Clusters of Unequal Size

In general, this is more practical
We will be only discussing estimation of parameters for which an unbiased estimator exists.
For the N clusters that make up the population, they have \(M_1,M_2,...M_N\) SSU’s respectively. (M being the number of people per cluster) (SSU = # of people in said population)
Let \[M_0 = \sum_{i=1}^NM_i\] then \(M_0\) is the number of SSU’s in the population. (aka sum of the population).
The probability that a PSU is in our sample is \[\frac{n}{N}\] Since we are still discussing one-stage cluster sampling, we sample every unit in every selected cluster.

Here, where i represents the cluster(PSU)
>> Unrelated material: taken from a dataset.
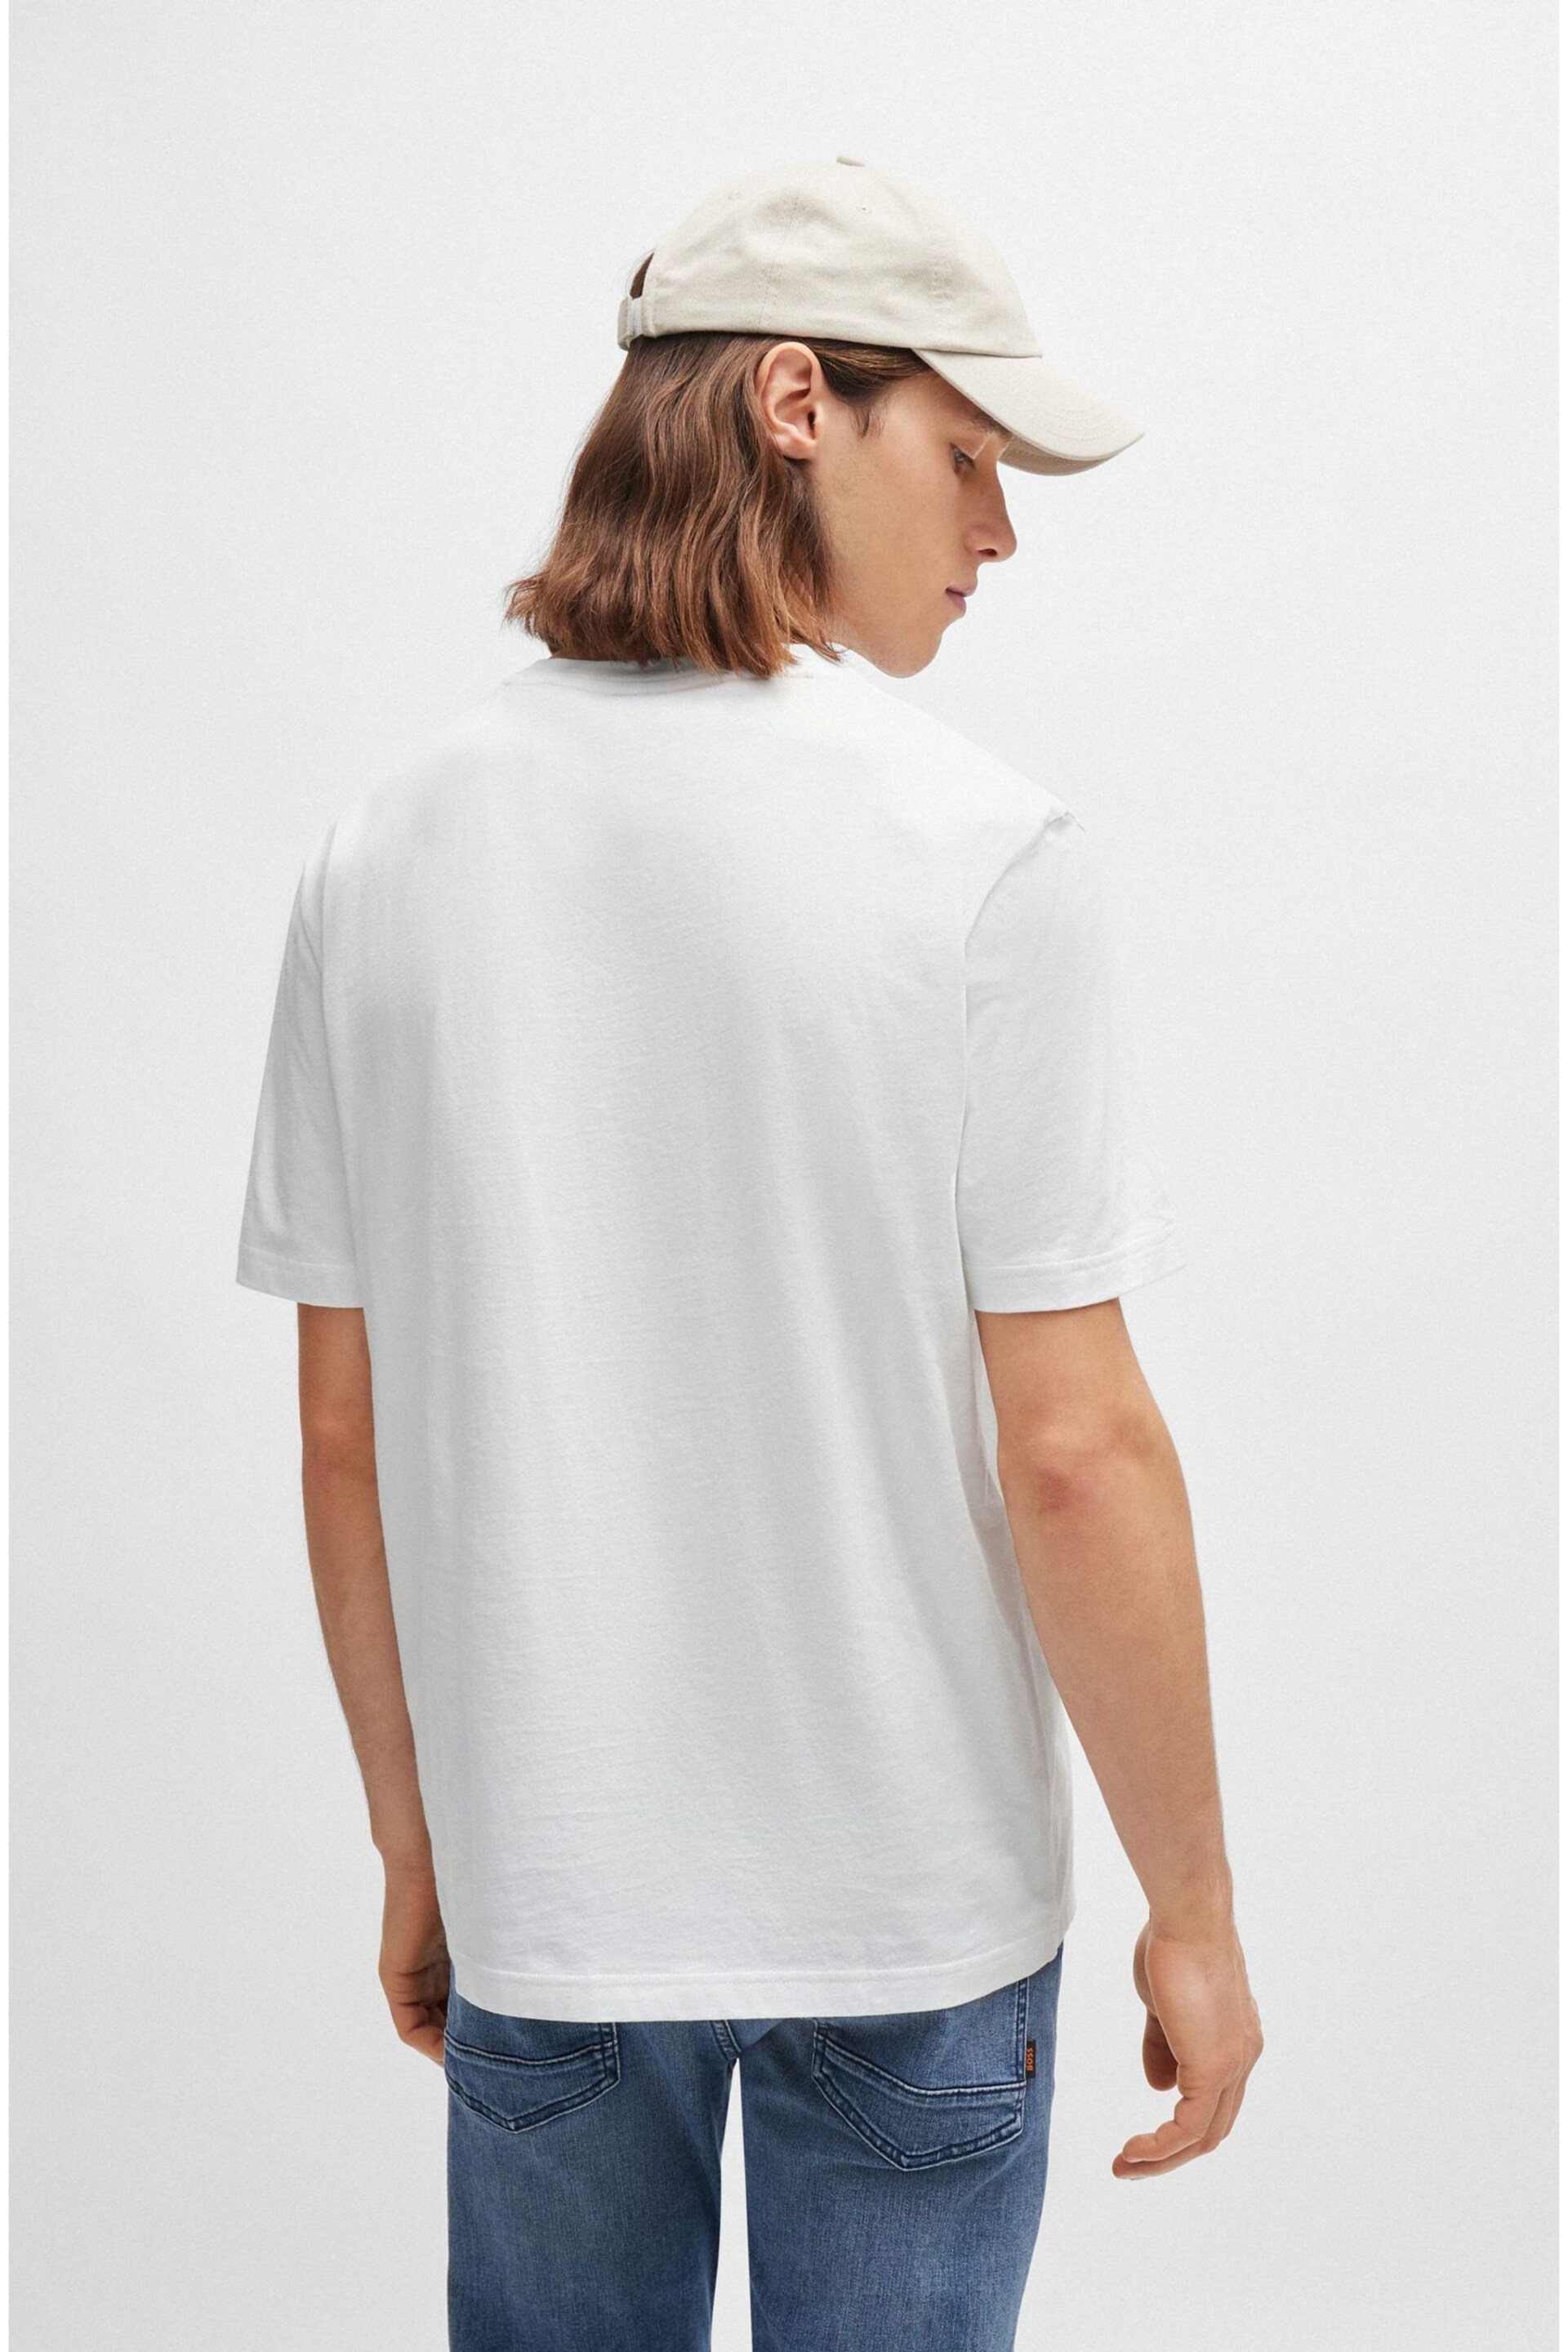 BOSS White Cotton-Jersey Regular-Fit T-Shirt With Seasonal Print - Image 2 of 5
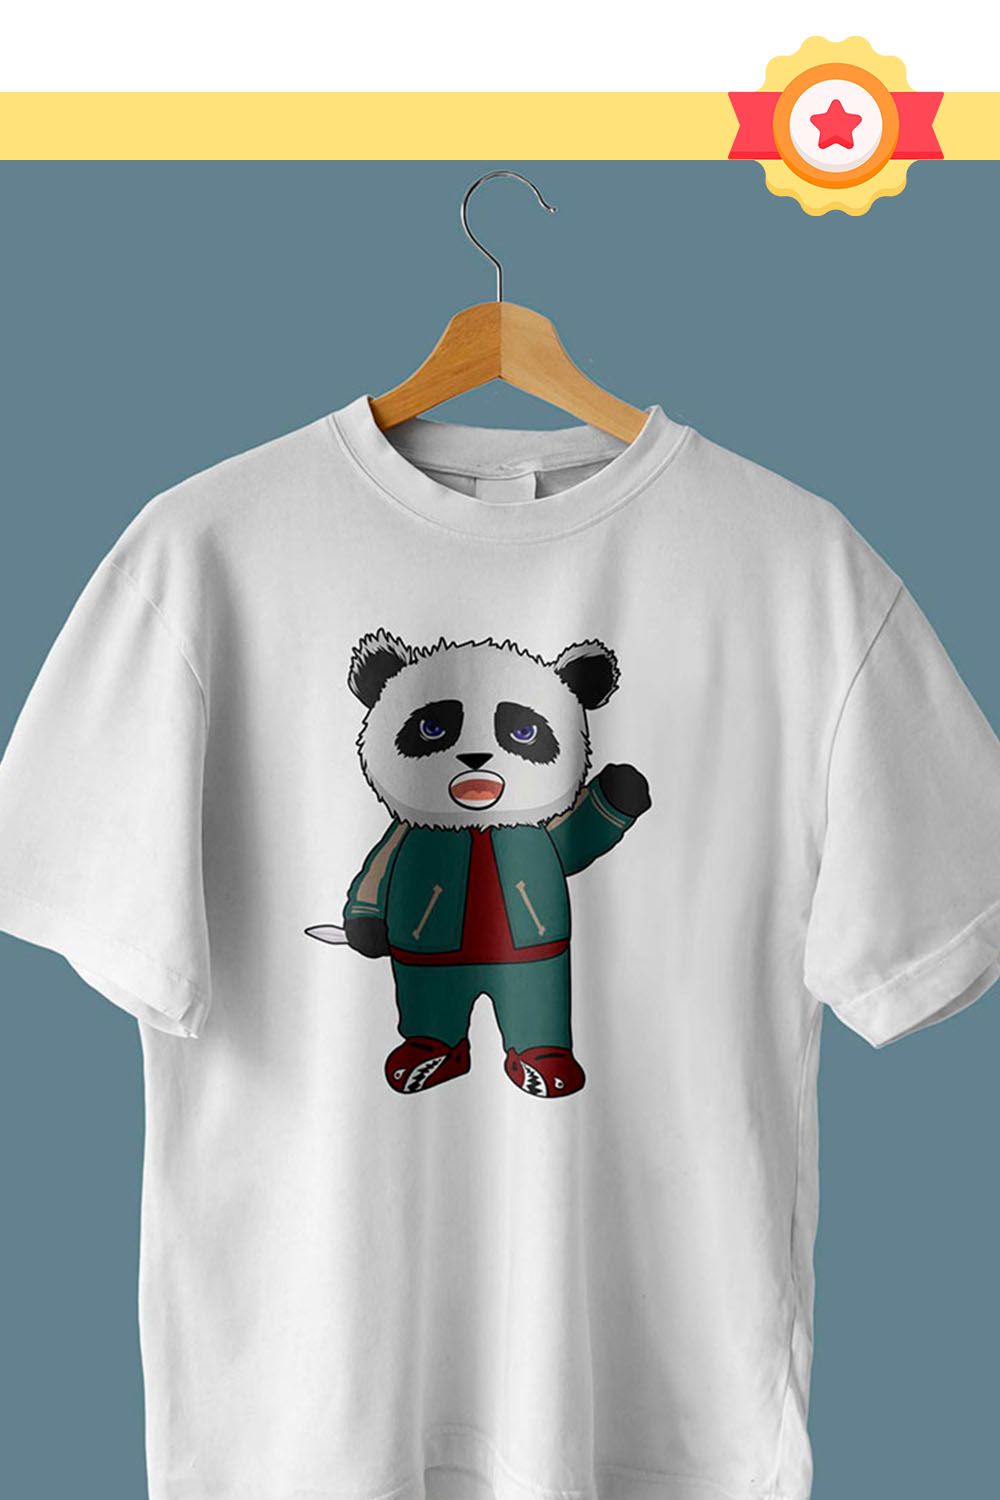 Cute Panda Illustration T-shirt Pinterest image.

\[t_i = \sum_{j=1}^{M_i}y_{ij}\]

An estimator for the population total is then,

Where N = Number of clusters in the population n = Number of chosen samples in the population

\[\hat{t}_{unb} = \frac{N}{n}\sum_{i=1}^nt_i \]

Aside: A potential alternative would be to look at the average of all the SSU’s and then divide them

\[M_0 * \frac{t_1 + t_2 + ... t_n}{M_1 + M_2 + ... M_n}\]

denominator = average for all \(y_{ij}\)’s

It can be shown that the estimated standard error for \(\hat{t}_{unb}\) is \[SE(\hat{t}_{unb}) = N* \sqrt{(1-\frac{n}{N})*\frac{S_t^2}{n}}\]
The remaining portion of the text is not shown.